Plastic wrap, cling film, gladwrap – whatever you want to call it, it is everywhere. We use it to wrap sandwiches, fruit, snacks, leftovers, take-a-plates, cheese, baking, you name it, we can wrap it.
Unfortunately, once plastic wrap is created, we are stuck it forever. Sea life thinks it is food, other animals choke on it and it probably isn’t good for us to wrap our food in either, let’s be honest.
BUT there is an alternative! Beeswax wraps!
These are a beeswax infused cloth, that self-adheres, is reusable and can come in any pattern or size you like. In fact, the beeswax-infused cloth is better for storing food in because it also breathes so your food won’t sweat. No more slimy soggy cheese edges or squishy avocado.
I have made several versions of the beeswax wraps before I found a combo that worked well. Initially, I used straight beeswax on calico cotton.
The wax wasn’t pliable enough on its own and didn’t stick to itself either, it just cracked and the calico cotton was just too thick.
You need a cotton that is thin and flexible, like bed sheets. Light 100% cotton quilting fabric works well and comes in the most fantastic patterns. T
hese beeswax wraps include damar resin (you can substitute it for pine resin if you prefer) which add to the durability of the wax, and adds the sticky factor to it.
The beeswax wraps also include jojoba oil which is a natural anti-microbial oil and it also adds to the flexibility of the wrap. You can substitute it for any food-safe oil if you prefer, but it won’t have the same anti-microbial effect.
100g Beeswax (3.5oz)
20g Damar resin (.7oz) or Pine rosin
3 teaspoons (15ml/.5 fluid ounce) Jojoba oil
6 squares of light, woven cotton, pre washed and dried 30x30cm (12x12in).
An old pot, old clean paintbrush (or new cheap one), tinfoil, mortar and pestle or some way of crushing the resin.
Chop up your beeswax into chunks and place in an old pot.
Crush the resin in a mortar and pestle and add to the wax.
Melt over a medium heat and stir intermittently until all melted together.
Add the jojoba oil and stir well.
Cut your fabric to size. I prefer to use pinking shears to help stop the fraying, but I don’t own any so today it was straight cuts.
Line your bench with tinfoil and lay your fabric on top of it.
Place the tinfoil and fabric onto a tray and pop in the oven for 5 minutes.

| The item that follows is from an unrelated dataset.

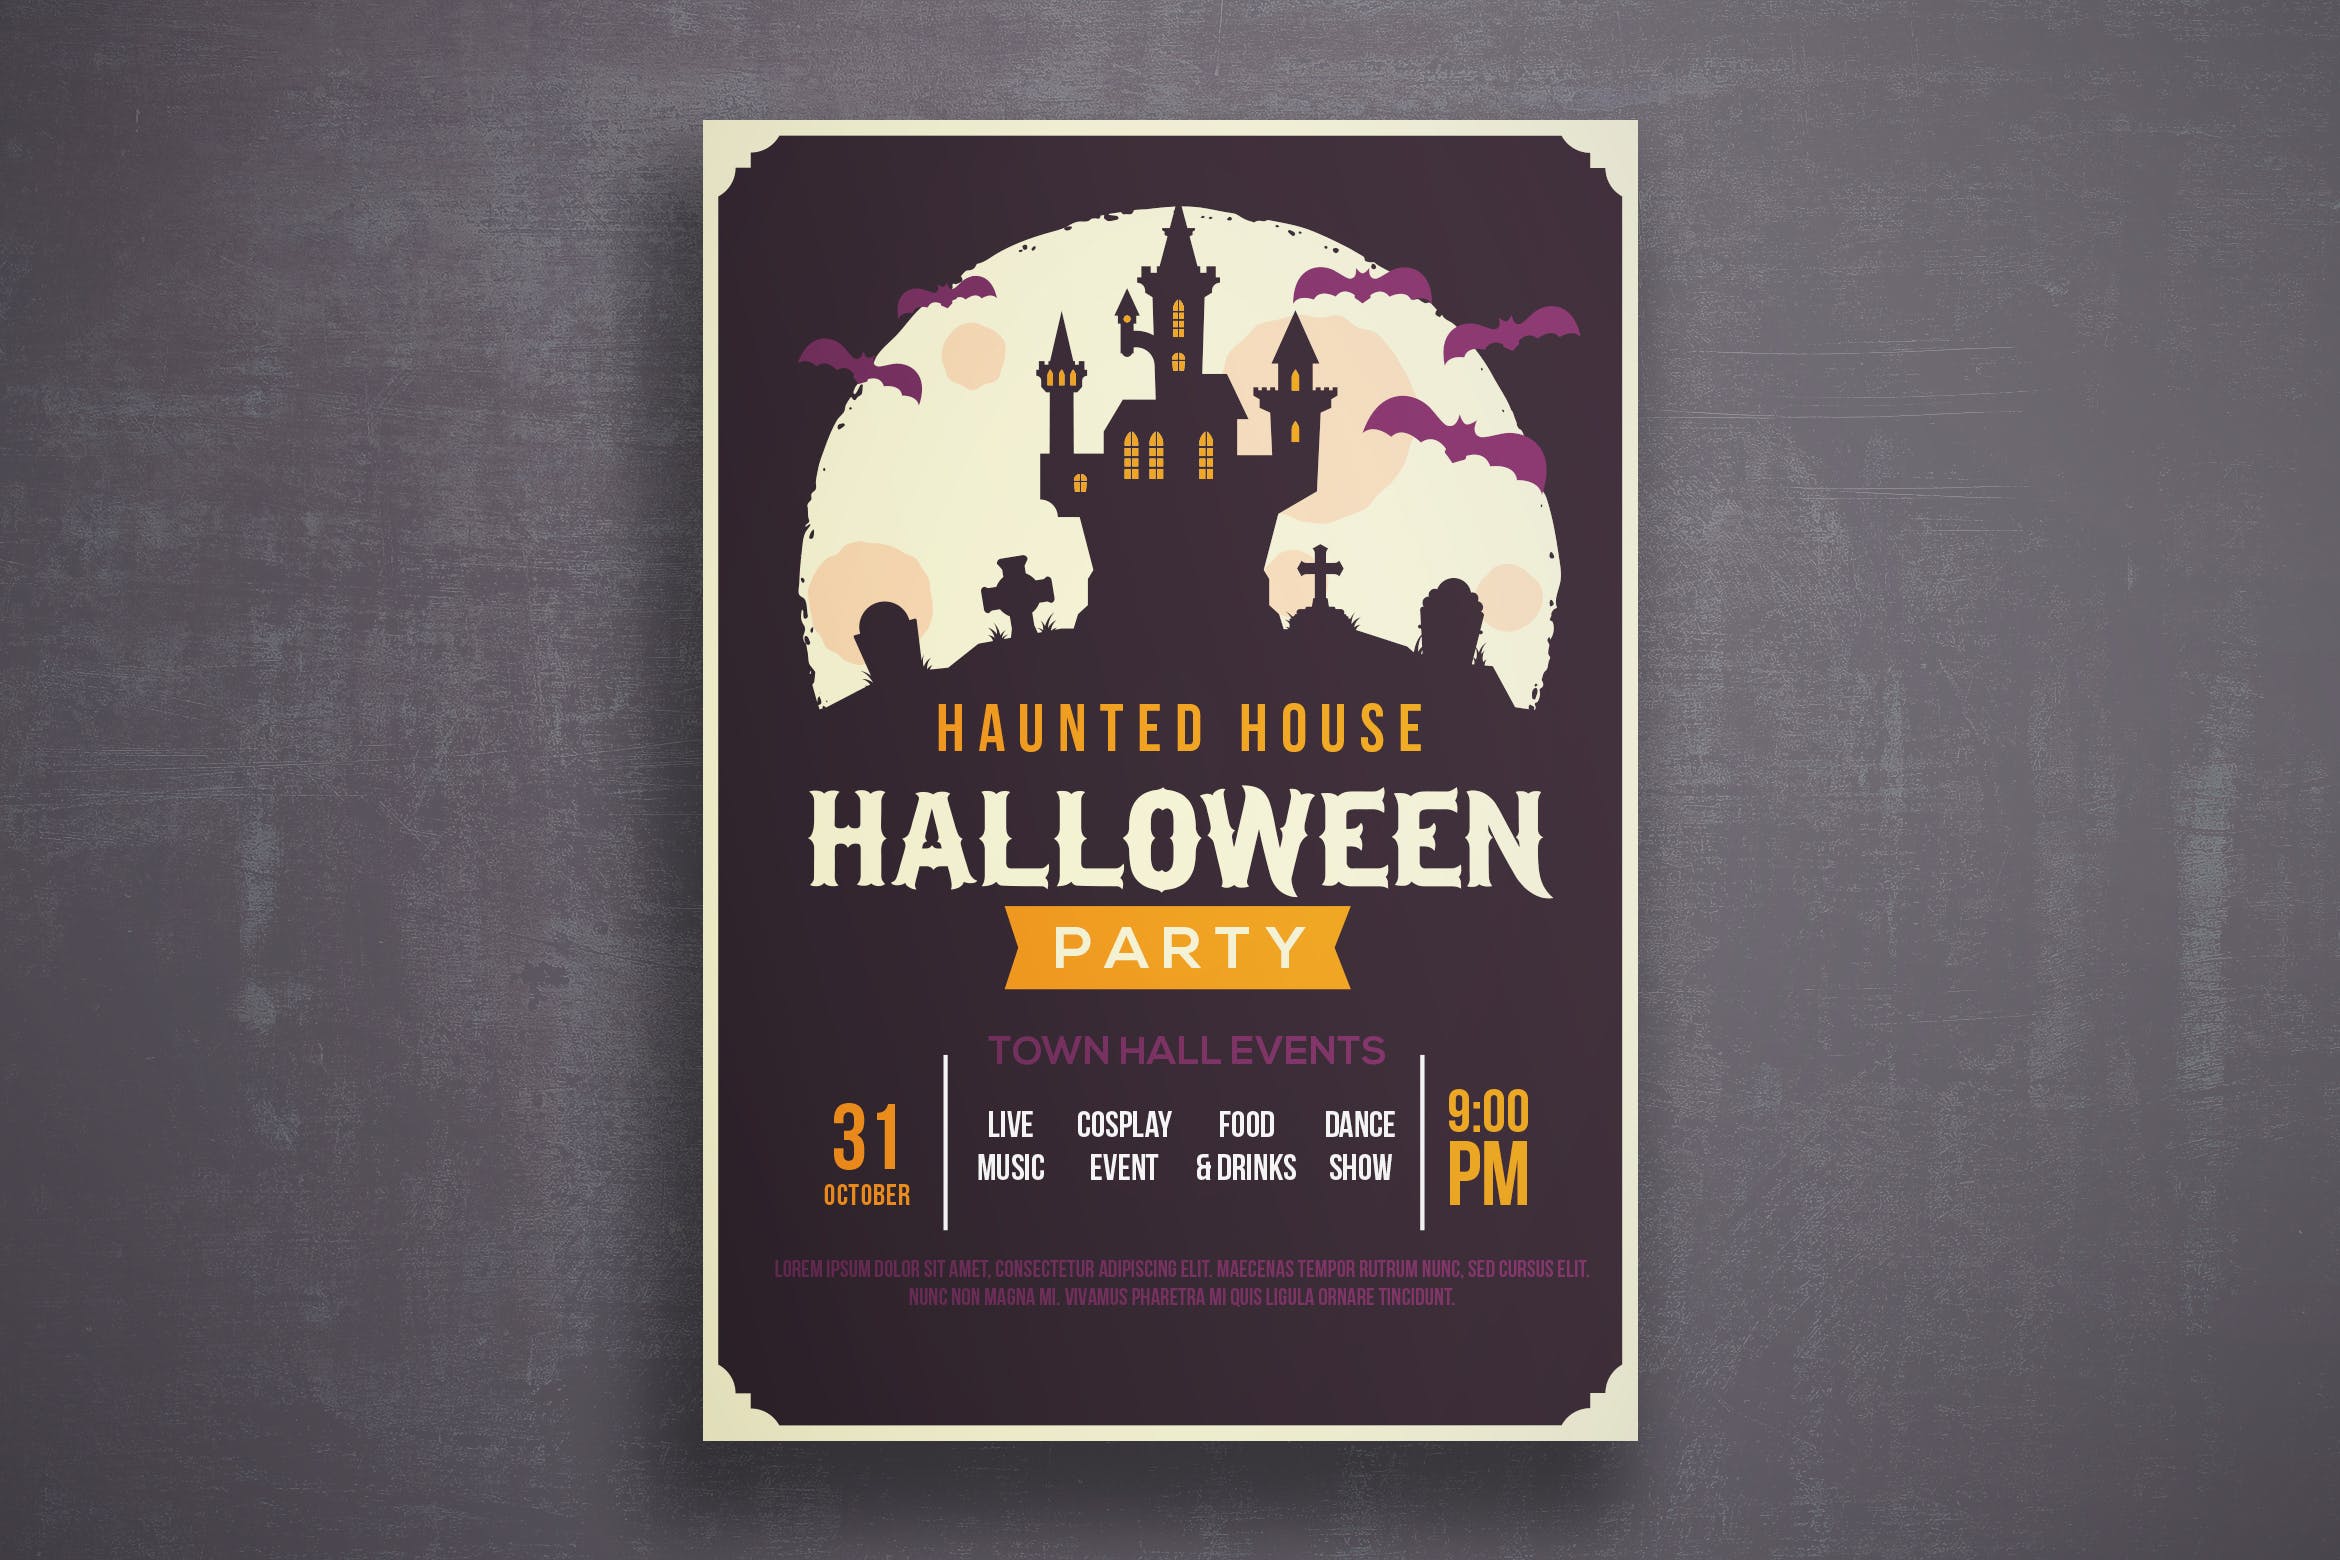 万圣节恐怖之夜活动邀请海报传单素材库精选PSD模板v2 Halloween flyer template插图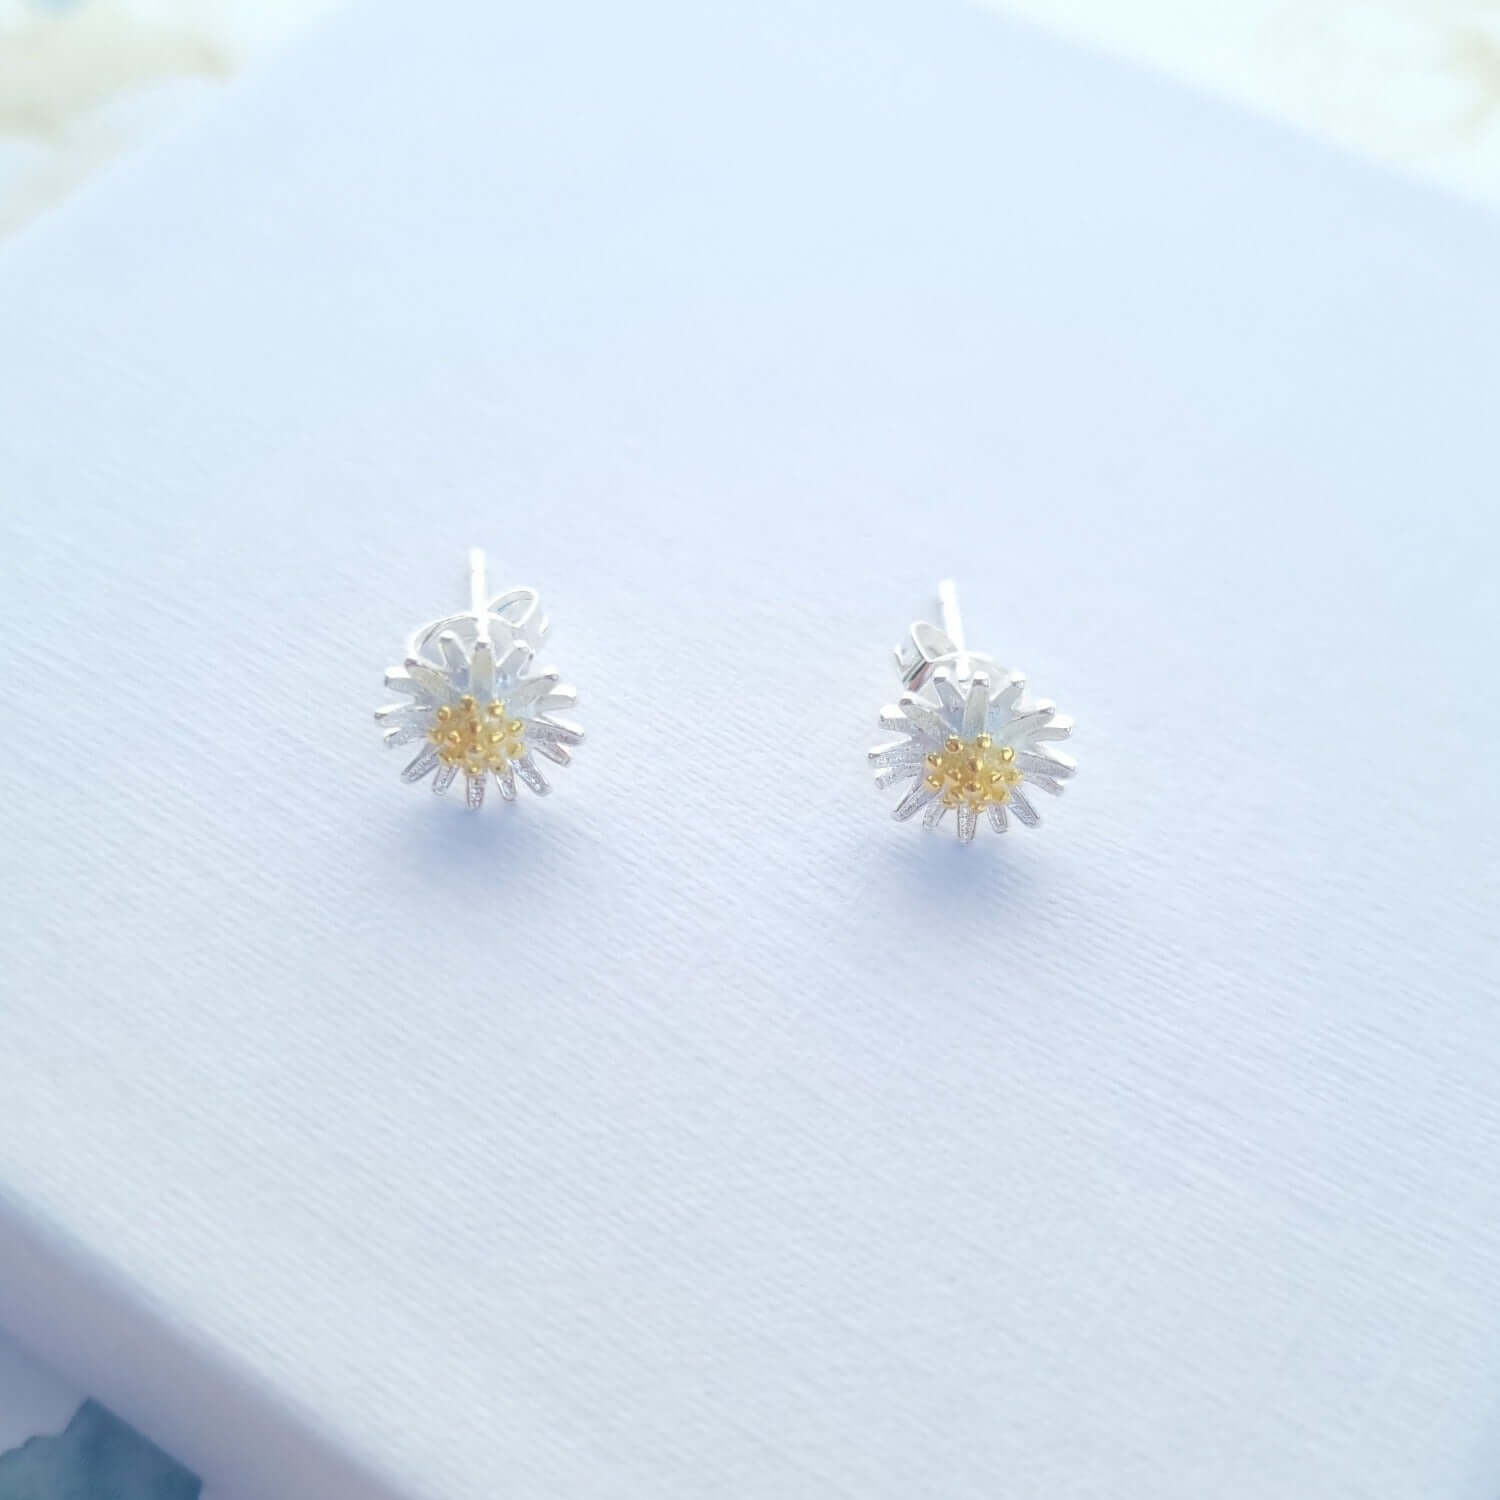 Sterling silver daisy earrings studs

Take it out of the oven and check the wax is now evenly soaked through to the back. If it has not, return it to the oven for 3 more minutes, adding more wax if required.
Once the back is evenly coated carefully remove the beeswax wrap from the foil and hang it somewhere for about 3 minutes to set. I use tongs to pick it up with, though it cools very quickly, sometimes I use my fingers and just wave it in the air a bit to set it.
CLEAN UP TIP – wipe your pot out with paper towels/rags before attempting to wash it.
Now it is ready to use.
Wash in cool water with a mild soap. Do not put in the washing machine. This coating should last 6-12 months of regular use. If you notice it is starting to loose it’s stick, place in a medium oven on a foil lined tray for 5-8 minutes to re-distribute the wax. It will eventually need a proper re-coat of the wax mixture.
ADVANCED LEVEL: Sew little pockets/envelopes and then coat them in the wax mixture to make little snack bags for nuts and raisins etc.